Titus Andronicus : An Obelisk

fucked up one day review

The most enduring quality of Titus Andronicus is the band’s ability to just plain rock the fuck out. Any witness of their spectacularly cathartic, ripshit-riot live shows can attest to this. They often experiment with structure and instrumentation on studio albums—lest we forget, Stickles and his many compatriots have already made a concept album tying the bleakness of the Civil War to 20-something anomie, anxiety and extended alcoholic benders (The Monitor) and a 93-minute rock opera about manic depression, Lynchian doppelgängers, the place of Titus Andronicus in the universe and, well, electrocution. With An Obelisk, the Glen Rock, New Jersey-based band’s sixth record, such adornments are virtually nonexistent: The riffs flow like whiskey at an Irish wedding, the songs are short, sweet and pointed. The melodies soar. It’s the most straightforward album the band has ever made aside from the similarly no-frills Local Business. But it’s never boring (a claim that can’t always be made of that toxic cocktail of “fuck the fucking hipsters anyway” meta- commentary) and it has all the intensity and poignancy of their more capital-A ambitious work.

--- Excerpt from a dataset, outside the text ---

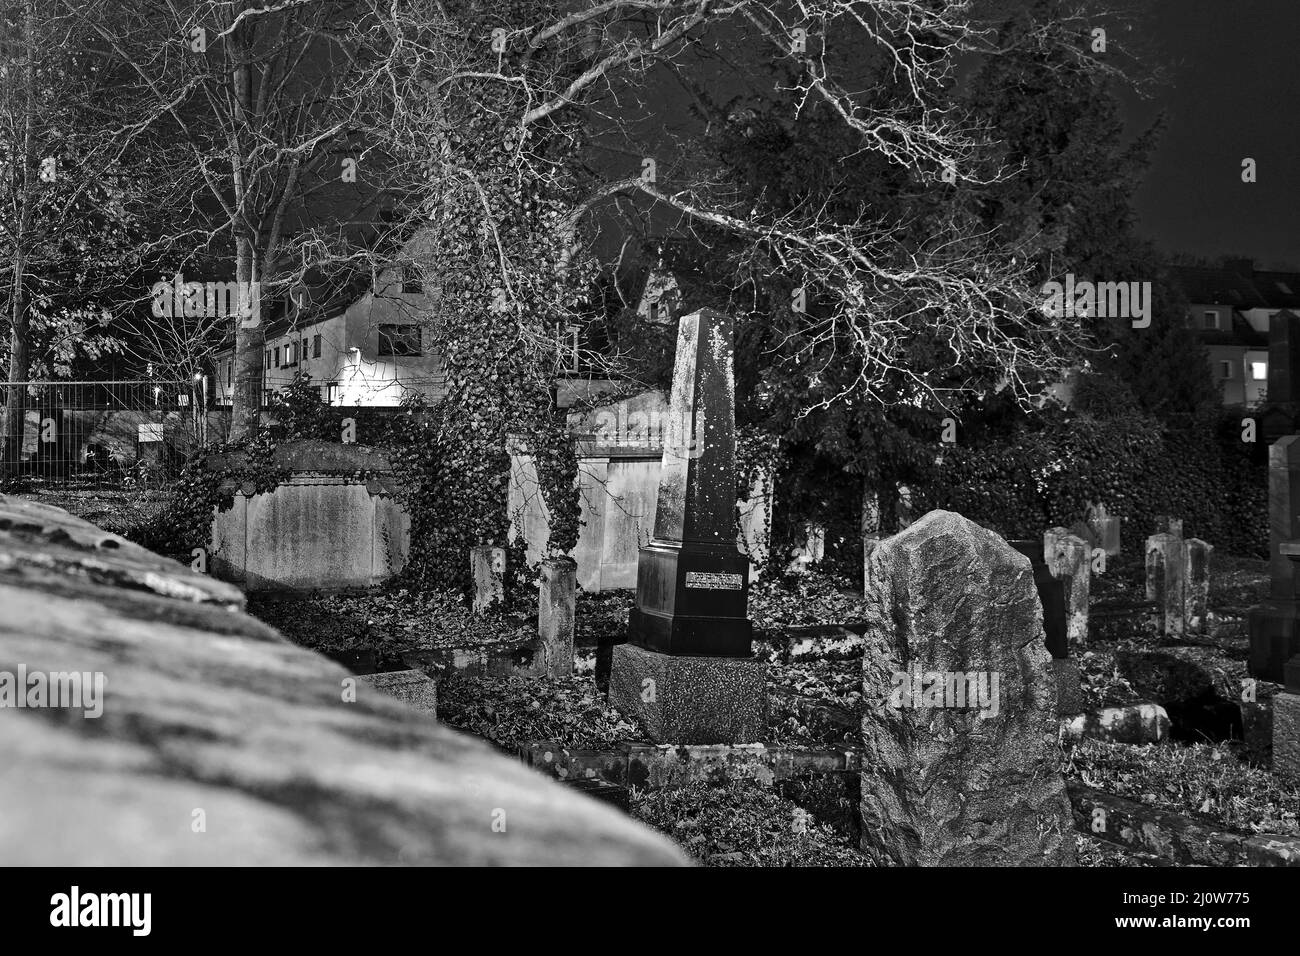 Jewish cemetery at night, in the background Residential buildings, Goettingen, Germany, Europe Stock Photo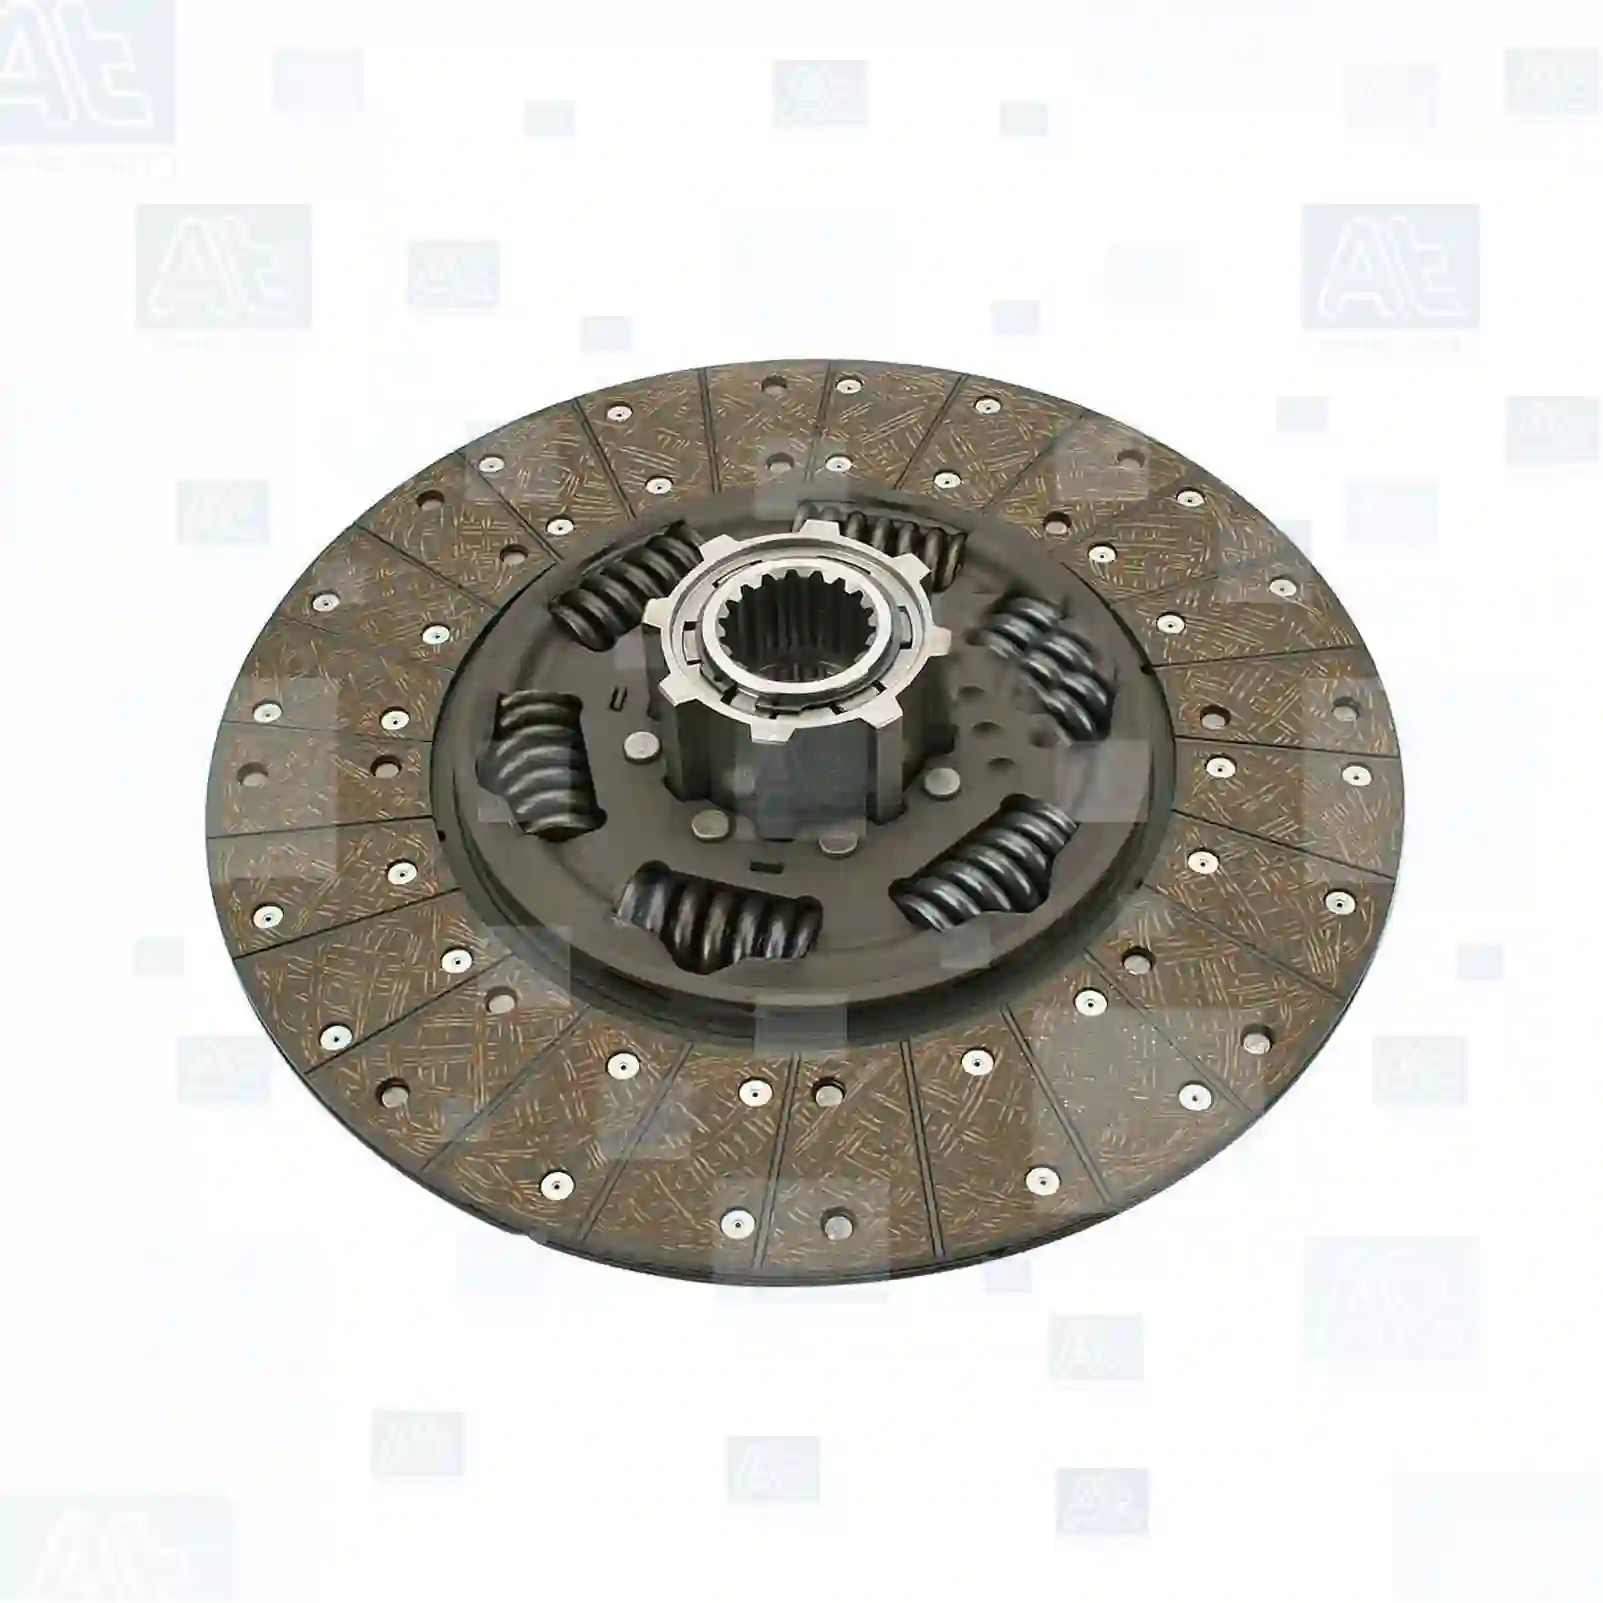 Clutch disc, at no 77722418, oem no: 0152507903, 0152508003, 0152508103, 0162509403, 0162509503, 0162509603, 0172500303, 0172500903, 0172501103, 0172505903, 0172506003, 0172506103, 0182501103, 0182501303, 0182506003, 018250600380, 0192505203, 019250520380, 0192506103, 019250610380, 0202503803, 0202509403, 020250940380, 0212502003, 0212502103, 0212502203, 021250220380, 0212507603, 0212508403, 0212508503, 0212508703, 0212509703, 0222501503, 0242500603, ZG30297-0008 At Spare Part | Engine, Accelerator Pedal, Camshaft, Connecting Rod, Crankcase, Crankshaft, Cylinder Head, Engine Suspension Mountings, Exhaust Manifold, Exhaust Gas Recirculation, Filter Kits, Flywheel Housing, General Overhaul Kits, Engine, Intake Manifold, Oil Cleaner, Oil Cooler, Oil Filter, Oil Pump, Oil Sump, Piston & Liner, Sensor & Switch, Timing Case, Turbocharger, Cooling System, Belt Tensioner, Coolant Filter, Coolant Pipe, Corrosion Prevention Agent, Drive, Expansion Tank, Fan, Intercooler, Monitors & Gauges, Radiator, Thermostat, V-Belt / Timing belt, Water Pump, Fuel System, Electronical Injector Unit, Feed Pump, Fuel Filter, cpl., Fuel Gauge Sender,  Fuel Line, Fuel Pump, Fuel Tank, Injection Line Kit, Injection Pump, Exhaust System, Clutch & Pedal, Gearbox, Propeller Shaft, Axles, Brake System, Hubs & Wheels, Suspension, Leaf Spring, Universal Parts / Accessories, Steering, Electrical System, Cabin Clutch disc, at no 77722418, oem no: 0152507903, 0152508003, 0152508103, 0162509403, 0162509503, 0162509603, 0172500303, 0172500903, 0172501103, 0172505903, 0172506003, 0172506103, 0182501103, 0182501303, 0182506003, 018250600380, 0192505203, 019250520380, 0192506103, 019250610380, 0202503803, 0202509403, 020250940380, 0212502003, 0212502103, 0212502203, 021250220380, 0212507603, 0212508403, 0212508503, 0212508703, 0212509703, 0222501503, 0242500603, ZG30297-0008 At Spare Part | Engine, Accelerator Pedal, Camshaft, Connecting Rod, Crankcase, Crankshaft, Cylinder Head, Engine Suspension Mountings, Exhaust Manifold, Exhaust Gas Recirculation, Filter Kits, Flywheel Housing, General Overhaul Kits, Engine, Intake Manifold, Oil Cleaner, Oil Cooler, Oil Filter, Oil Pump, Oil Sump, Piston & Liner, Sensor & Switch, Timing Case, Turbocharger, Cooling System, Belt Tensioner, Coolant Filter, Coolant Pipe, Corrosion Prevention Agent, Drive, Expansion Tank, Fan, Intercooler, Monitors & Gauges, Radiator, Thermostat, V-Belt / Timing belt, Water Pump, Fuel System, Electronical Injector Unit, Feed Pump, Fuel Filter, cpl., Fuel Gauge Sender,  Fuel Line, Fuel Pump, Fuel Tank, Injection Line Kit, Injection Pump, Exhaust System, Clutch & Pedal, Gearbox, Propeller Shaft, Axles, Brake System, Hubs & Wheels, Suspension, Leaf Spring, Universal Parts / Accessories, Steering, Electrical System, Cabin

Titus Andronicus has always been a band possessed of intense self-awareness. Thus, when the band throws a total curveball, they usually know what they’re doing (or trying to do). 2018’s A Productive Cough was one fuck of a curveball: A piano-based paean to 1960s and ’70s barroom sounds and twelve-bar-blues compositions, with a shitload of horns and strings and a minimum of guitars, Cough featured at least one song that should be considered a TA classic (“Real Talk”) but also the lumbering joke of “Home Alone” and a weird pseudo-cover of “Like a Rolling Stone,” and seemed to aggressively posit itself as difficult. I called it an Album of the Week for this website mostly because I had no clue what to make of it. Stickles ardently defended his choices with that record in the press, rebuking his older work and indicating that the record might indicate a substantive change in the band’s overall sound.

The mercurial Stickles appears to have gone back on that statement with a vengeance. An Obelisk, while probably the best-produced album in the Titus Andronicus discography thanks to behind-the- boards work by Bob Mould and Steve Albini, is also fucking loud and raucous. Opener “Just Like Ringing a Bell” ties full-speed-ahead punk riffs and rhythms to Stickles’ lyrical takedown of “an inferior version of rock n roll.” Tempos occasionally slow down as the record progresses and the sonic template grows to include ’70s hard rock and blues sounds, but the intensity never flags. The band is a quartet now—Stickles, longtime lead guitarist Liam Betson and the relatively new R.J. Gordon and Chris Wilson on bass and drums, respectively—with a sound honed down to the most
furious essentials

The press kit for An Obelisk contains a mildly snarky acknowledgement of this: “If A Productive Cough left listeners wondering what happened to all the fast songs, An Obelisk offers an answer—they are here.” Given Stickles’ history of keeping his tongue firmly planted in his cheek when talking publicly about the band he leads, one may occasionally wonder if this is The Idea of the Back-to-Your-Roots Album as much as Cough was The Idea of the Mature Late-Period Album. But the frontman is ultimately earnest in his finished music; he’s no postmodernist dilettante a la Ezra Koenig or Matty Healy from the 1975, nor a gaping asshole solipsist like Mark Kozelek or Kanye West. Stickles and his compatriots wrote 10 punk rock songs because they wanted to write some punk rock songs. The tracks’ topics are well-traveled in punk: broadsides against police brutality (“On the Street”) the music industry (the aforementioned “Bell”), our perpetuation of capitalist hegemony (“I Blame Society,” “Within the Gravitron”) and global sociopolitical unrest (“Tumult Around the World”). Some might raise an eyebrow at the known quantities here—but look at what the fuck world we live in. Punk seems immensely appropriate.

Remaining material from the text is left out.